People, Locations, Episodes

Mon, 01.22.1703

Antoine Vincent Walsh, Irish Slave Trader, born

Antoine Walsh

*Antoine Vincent Walsh was born on this date in 1703. He was a white Irish shipowner and African slave trader in Nantes, France, whose family were exiled Jacobites.

Antoine Walsh was born in Saint-Malo, Brittany, France, the son of Philip Walsh, Ballynacooly, County Kilkenny. His father was a Waterford merchant, who settled in Saint-Malo, Brittany, after the Treaty of Limerick in 1691. Philip Walsh married Anne White in 1695, also an Irish Catholic exile. Walsh had conveyed the defeated James II of England from Kinsale, County Cork, Ireland, to Saint-Malo, Brittany, France, in 1690, after the Battle of the Boyne, thus starting the Walsh family's reliable connections to the exiled House of Stuart in France. He would die at sea on an African voyage.

After serving in the French Navy, Antoine settled in Nantes, which had emerged as France's chief slaving port, where Walsh found a close-knit Irish community.

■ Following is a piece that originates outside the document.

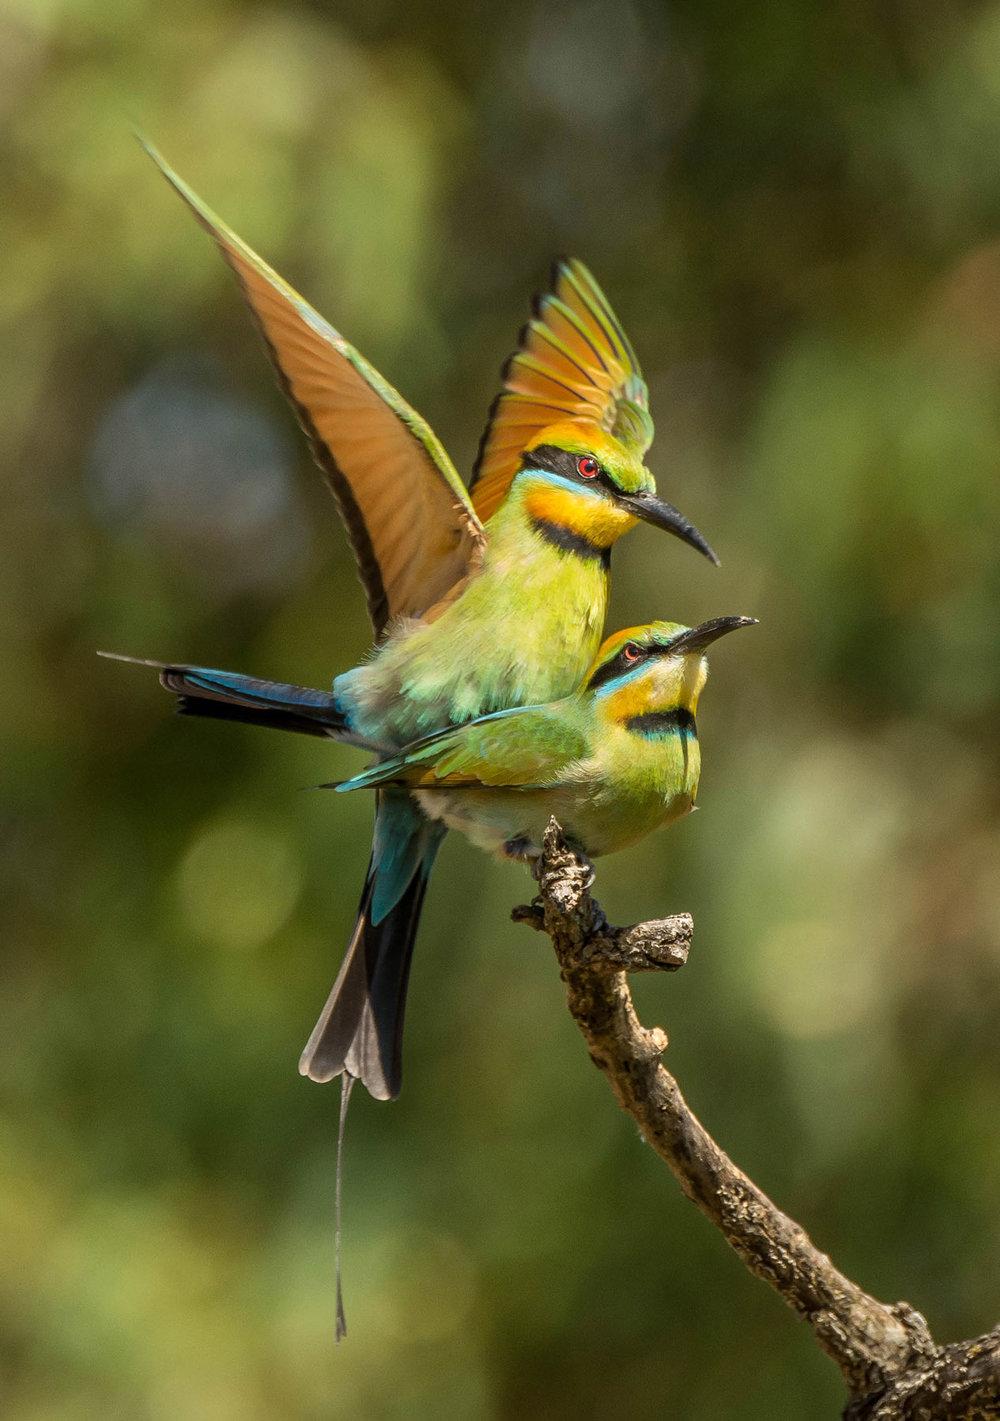 Mating Season by Jan Robinson

In 1741 he married Mary O'Shiell, a French Irish businesswoman. She was the daughter of the Irish Jacobite Luke O'Shiell, who was born in Dublin but emigrated to Nantes, France, after the Irish defeat of 1690, and Agnès Vanasse. In 1755, the O'Shiell family became ennobled.

Antoine Walsh became a merchant and was a major figure in and made a fortune from the Middle Passage Atlantic slave trade of Nantes. Slave trading and plantation-owning had made him the friend of kings. Antoine became wealthy on the back of the slave trade. The business operated triangularly, supplying Africa with textiles, brandy, and firearms; enslaved people for the French West Indies in Martinique, Guadeloupe, and Saint-Domingue; sugar and tobacco for Europe. He remained a trusted friend of the prince, acting as an intermediary with Frederick II of Prussia's ambassador to Paris, Earl Marischal, in their dispute in 1754.

Antoine Vincent Walsh died at Cap Français, San Domingo (Haiti), on March 2, 1763. On his death, his Jacobite peerage passed to his second and only surviving son, Antoine Jean Baptiste Walsh, Comte de Serrant. The Walsh family relates to the Irish Brigade. After the Glorious Revolution, Louis XIV founded the brigade in May 1690; it consisted of three regiments; one of which would be renamed the Walsh regiment in 1770; when led by a nephew of Antoine, born in Cadiz, home to another colony of officers and shipowners, who were Jacobites.